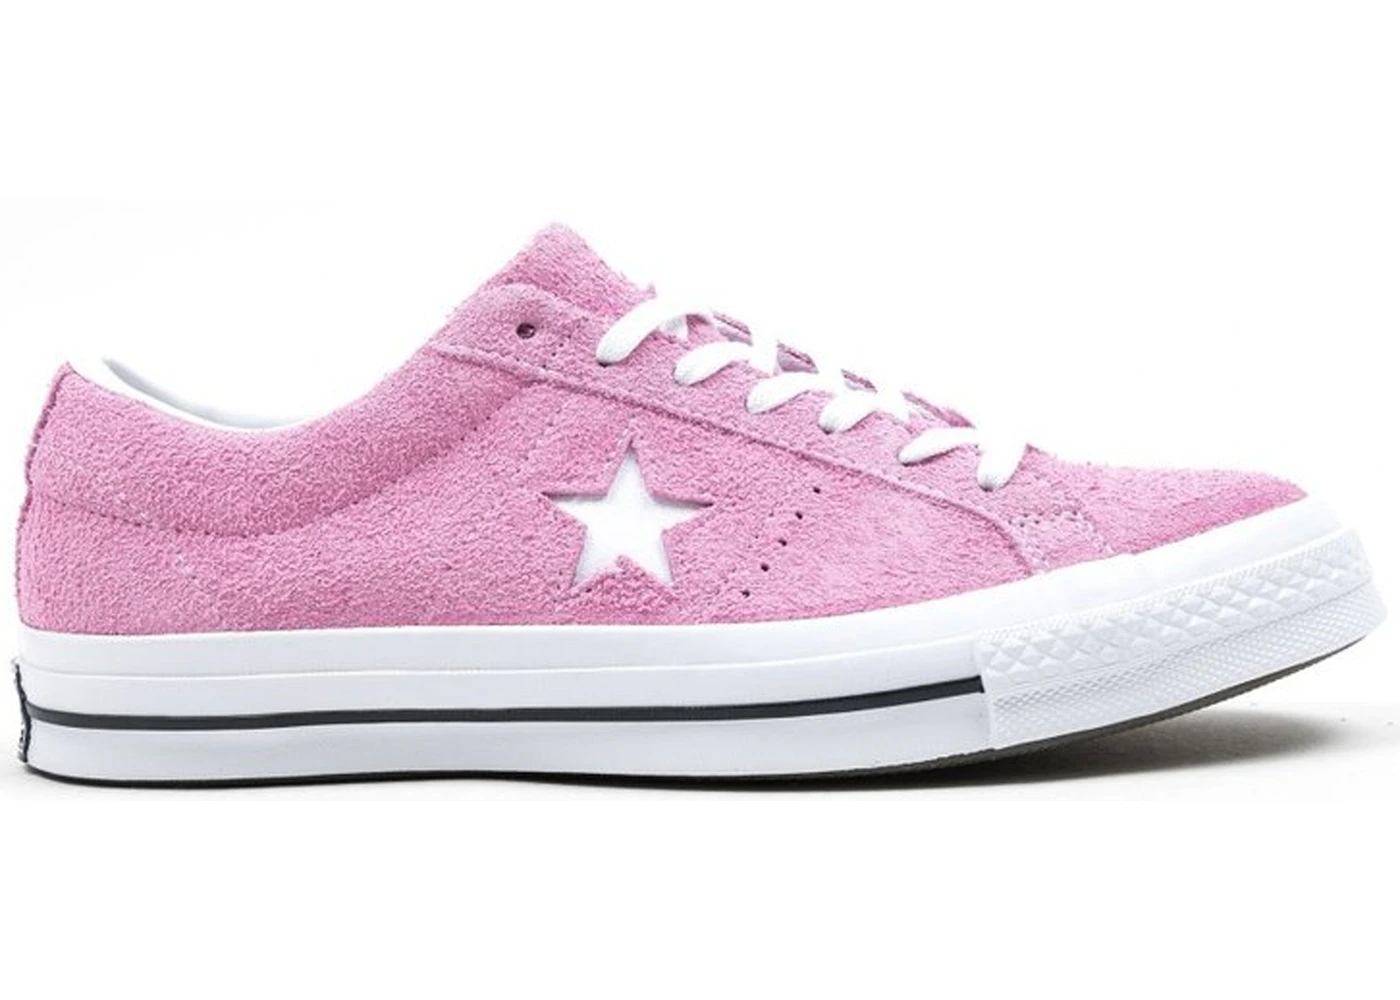 Converse One Star Ox Pink Men's - 159492C - US
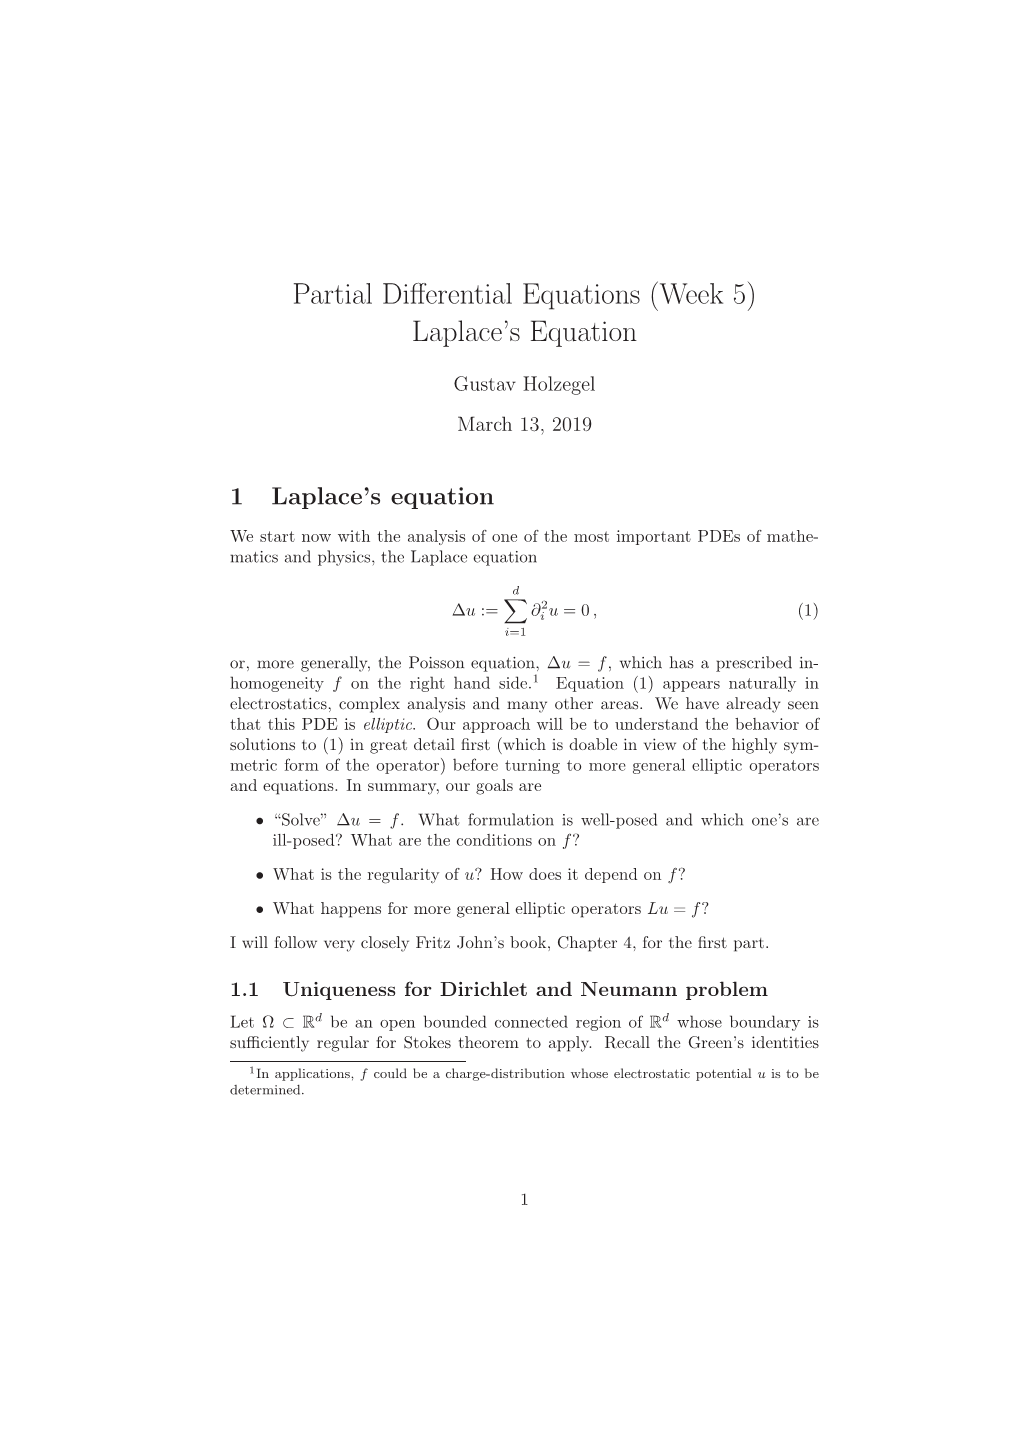 Partial Differential Equations (Week 5) Laplace's Equation
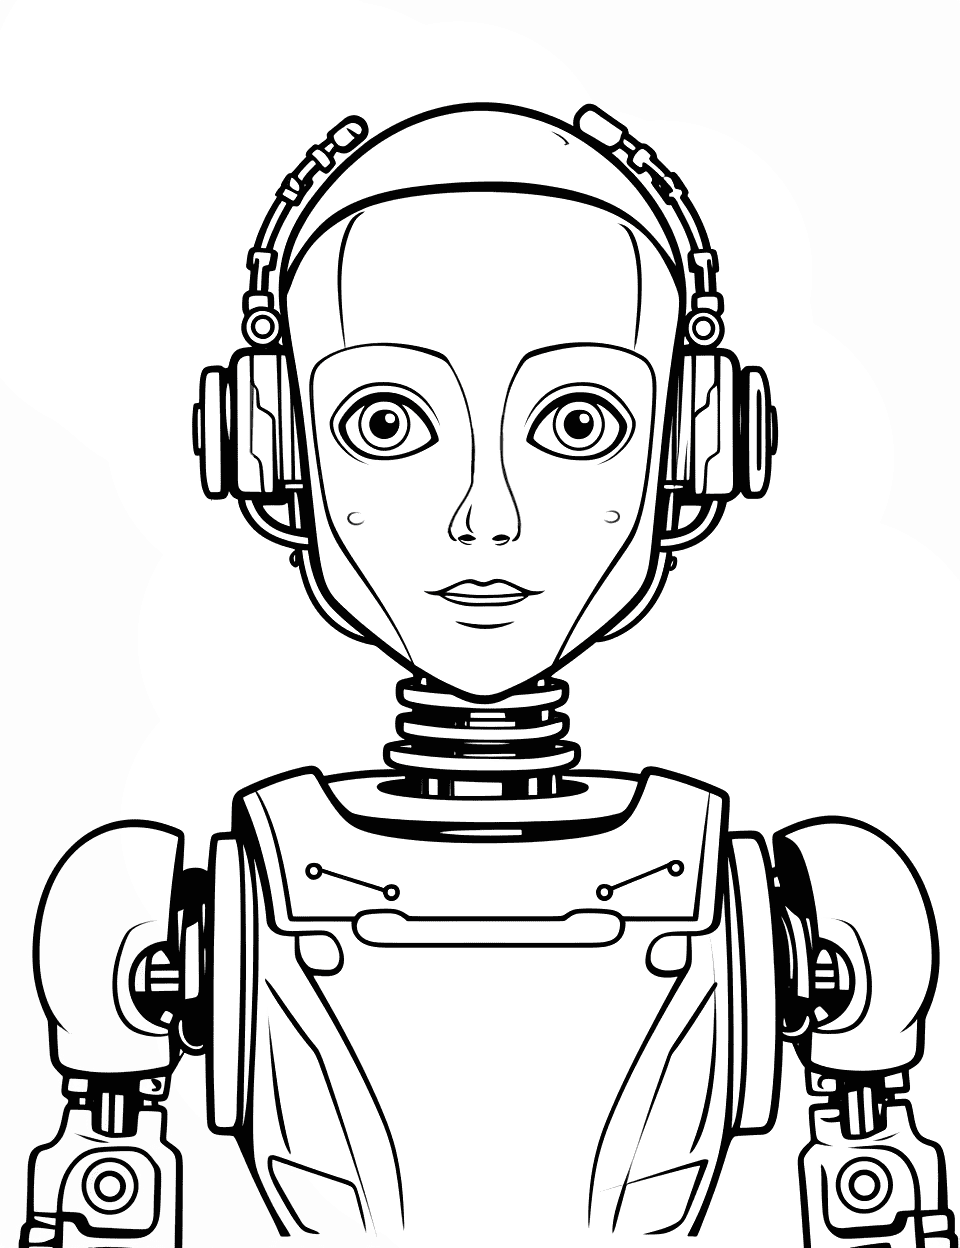 Realistic Humanoid Robot Coloring Page - A robot that closely resembles a human.
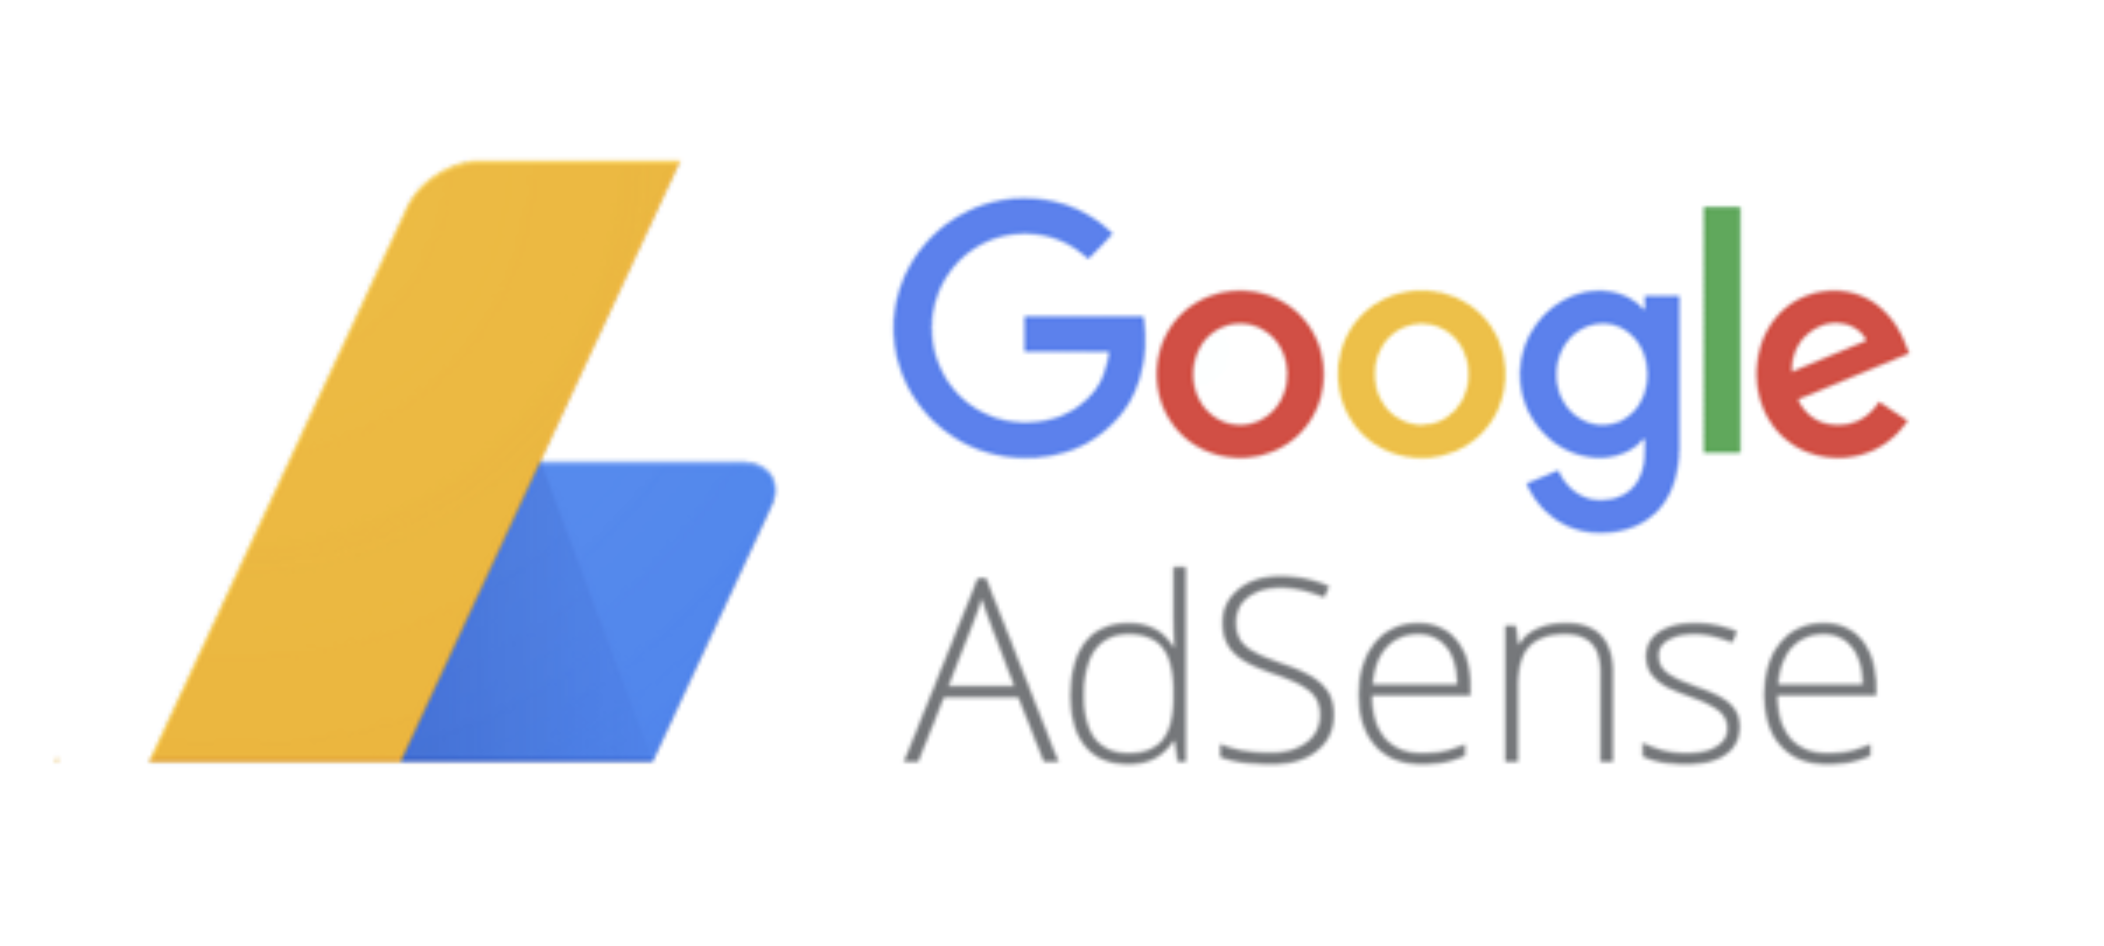 Make Money With your Website by Google Adsense
========================================
Directions for this task:
The whole listing should be printed again exactly as written, images excluded.

Worked solution:
 Converse One Star Ox Pink Men's - 159492C - US
 Partial Differential Equations (Week 5) Laplace's Equation
 Realistic Humanoid Robot Coloring Page - A robot that closely resembles a human.
 Make Money With your Website by Google Adsense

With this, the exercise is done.